Daniel Boyd’s practice is internationally recognised for its manifold engagement with the colonial history of the Australia-Pacific region. Drawing upon intermingled discourses of science, religion and aesthetics, his work reveals the complexity of perspectives through which political, cultural and personal memory is composed.
Following on from major international projects in 2014 and 2015, Daniel Boyd’s 5th exhibition at Roslyn Oxley9 Gallery evokes a sense of place much closer to home. Inspired by Edouard Glissant’s Treatise on the Tout-Monde and Poetics of Relation, Boyd devotes his attention to the geographical region surrounding Cairns, QLD. In this, Boyd’s latest exhibition, Far North, provides us with glimpses into an intricate and mediated personal history, which is at once highly specific and globally resonant.
Drawing upon disparate media, including family photographs, archival documentation, scientific studies and touristic memorabilia, the paintings in Far North illuminate the complexities of regional representation. In a tense play between opacity and clarity, figuration and abstraction, the works recall the fragmented and dynamic composition of personal history and narrative. A vibrant and elegant depiction of the artist’s grandmother sits in-between two striking scenes of local people, originally orchestrated by European anthropologists. Stripped-back and gestural works that invoke childhood recollections of Giangurra, allude not only to Boyd’s enduring familial links to the place, but a broader historical and social resistance to the impact of colonial missions in that region.
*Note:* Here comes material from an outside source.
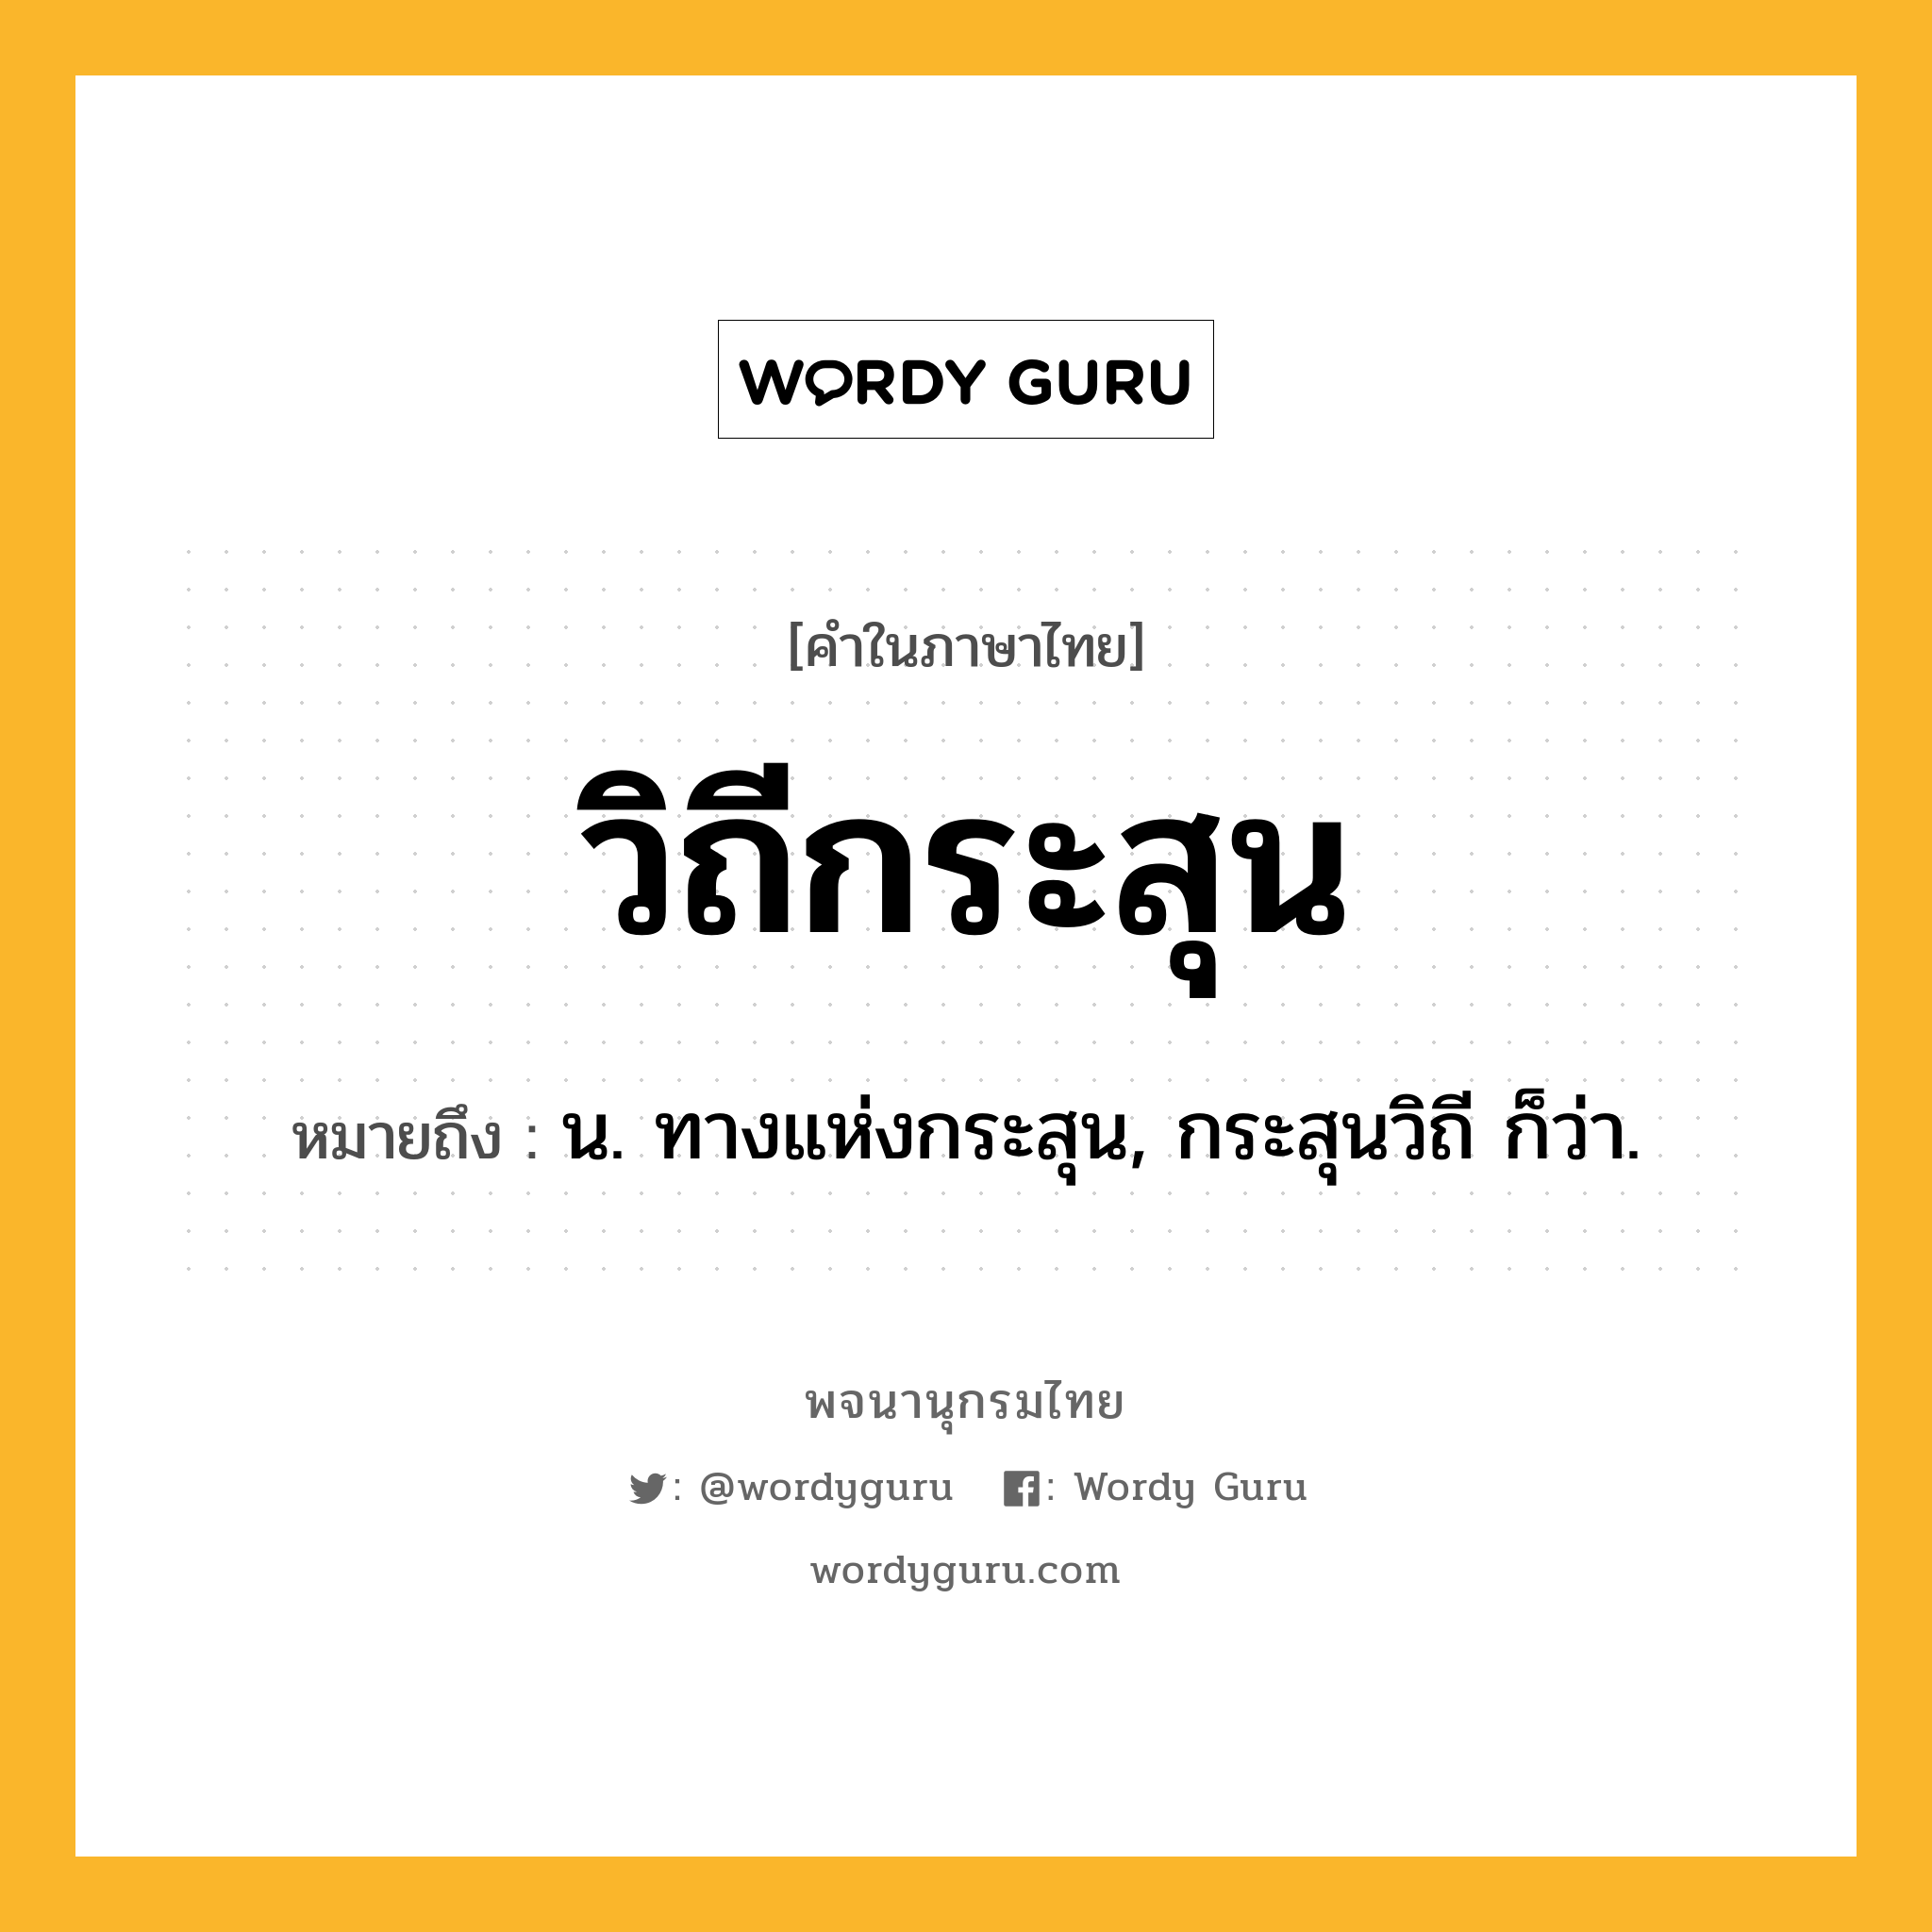 วิถีกระสุน ความหมาย หมายถึงอะไร?, คำในภาษาไทย วิถีกระสุน หมายถึง น. ทางแห่งกระสุน, กระสุนวิถี ก็ว่า.

As different ancestral threads intertwine with contemporary aesthetic references, Far North provides a personal entry point into Boyd’s broader investigations into history, aesthetics and power. Through his distinctive vision and technique, Boyd’s paintings unfurl the authoritative, linear narratives of Western history, connecting to a concept of space and time where past, present and future are intimately entangled.
—Denise Thwaites
Daniel Boyd has been selected as part of the 20th Biennale of Sydney :The future is already here- its just not evenly distributed curated by Stephanie Rosenthal. Boyd’s work was also recently displayed in All the World’s Futures curated by Okwui Enwezor at the 56th Venice Biennale (2015), Regarding Picasso: Contemporary Artists Responses to His Art at the Musée Picasso, Barcelona, the Moscow International Biennale for Young Arts: A Time for Dreams, Moscow, the Kochi-Muziris Biennale: Whorled Explo¬rations, Kochi, India and the 2014 TarraWarra Biennale: Whisper in My Mask, Tar¬raWarra.
Boyd has held solo exhibitions at Artspace in Sydney (2013) and at the Natural History Museum in London (2012). In 2014 Boyd received the Bulgari Art Award, as well as two major commissions for Macquarie Bank and the Museum of Contemporary Art in Sydney. Boyd’s work has been included in notable group exhibitions in Australia, such as Future Primitive, Heide Museum of Modern Art, Melbourne (2013), The 7th Asia Pacific Triennial of Contemporary Art (APT 7), Queensland Art Gallery / Gallery of Modern Art (GOMA), Brisbane (2012) and We Call Them Pirates Out Here, Museum of Contemporary Art, Sydney (2010). Boyd’s paintings are held in major public collections in Australia including the National Gallery of Australia, Canberra, the Museum of Contemporary Art, Sydney, the National Gallery of Victoria, Melbourne and the Art Gallery of New South Wales, Sydney.